For the last few months, Elisabeth Rosenthal of the New York Times has been working on a series of stories about the high price of healthcare in America. In July she wrote about the high cost of childbirth, and earlier this month she wrote about the truly insane cost of hip replacements in America. But Bob Somerby has noted something interesting: nobody else in the media seems to care:
These articles deal with a very important topic—the massive looting of U.S. consumers which characterizes American health care. This looting helps explain a welter of major social and political problems—our nation’s growing income inequality; our stagnant wages; the failure to provide full medical coverage; the nation’s problems with federal deficits and debt.
But so what? Despite their high profile and apparent salience, Rosenthal’s reports have met with universal silence, except for last week’s Fresh Air….It’s going to win the Pulitzer Prize—and it’s going to do so in silence!
Despite the high profile afforded this series, the silence has been general all over the press, which seems paralyzed, dead in life. At the end of this report, we’ll offer our own speculations about the resounding silence.

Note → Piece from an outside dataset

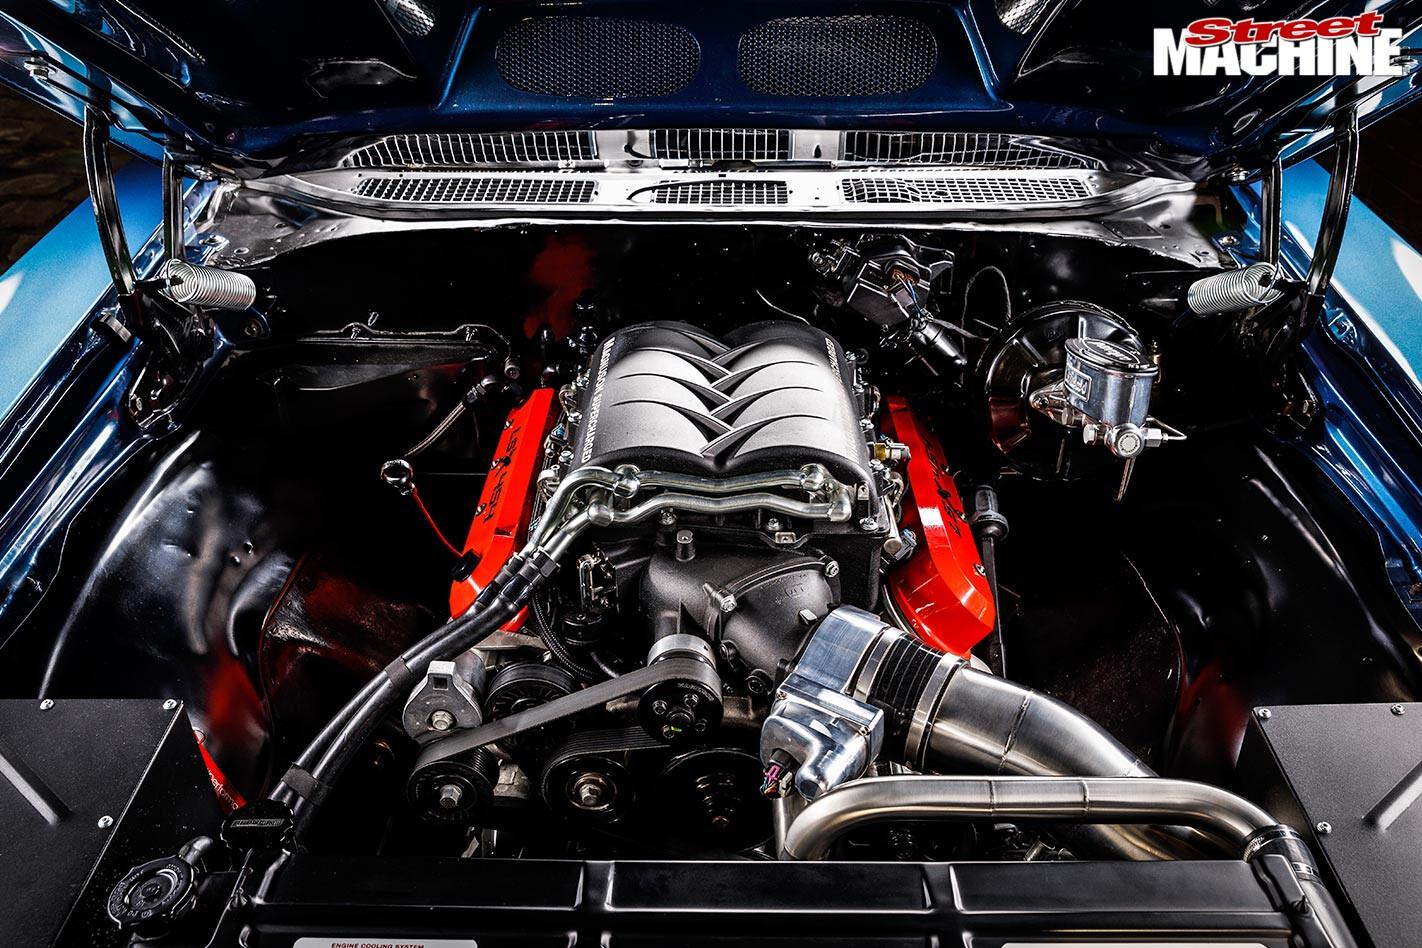 Chevelle SS engine bay

Is this really true? Rosenthal’s piece implied that artificial hips cost about $350 to manufacture, but sell to hospitals for upwards of $5,000 or more—and are then marked up further by the hospital before they end up in an OR getting installed. It’s not clear if $350 is just the manufacturing cost, or if that’s the all-in burdened cost of producing a hip, but it almost doesn’t matter. Even if it’s the former, it means the full cost is unlikely to be more than $1,000 or so. Nonetheless, in the case of one particular implant, Rosenthal reports that U.S. hospitals pay an average of $8,000 and that even Belgian hospitals, which benefit from government-controlled pricing, pay $4,000. So everyone is paying a pretty hefty markup. Americans are just paying a super-hefty one, made worse by the fact that hospitals then add their own markup, bringing the price of the implant up to $30,000 or more.
So that’s at least a 30x markup to the end user just for the cost of the part. And that’s despite the fact that the technology is mature, volumes are high and increasing, and there are five companies “competing” for business. So what’s going on?
Rosenthal has some ideas, but in the end it remains unclear. Where are insurance companies? Where’s Medicare? Why isn’t anyone outraged by this? Is it just fatigue at the never-ending tsunami of stories about the lunatic cost of all the various bits and pieces of American healthcare? Bob is right: it’s a mystery.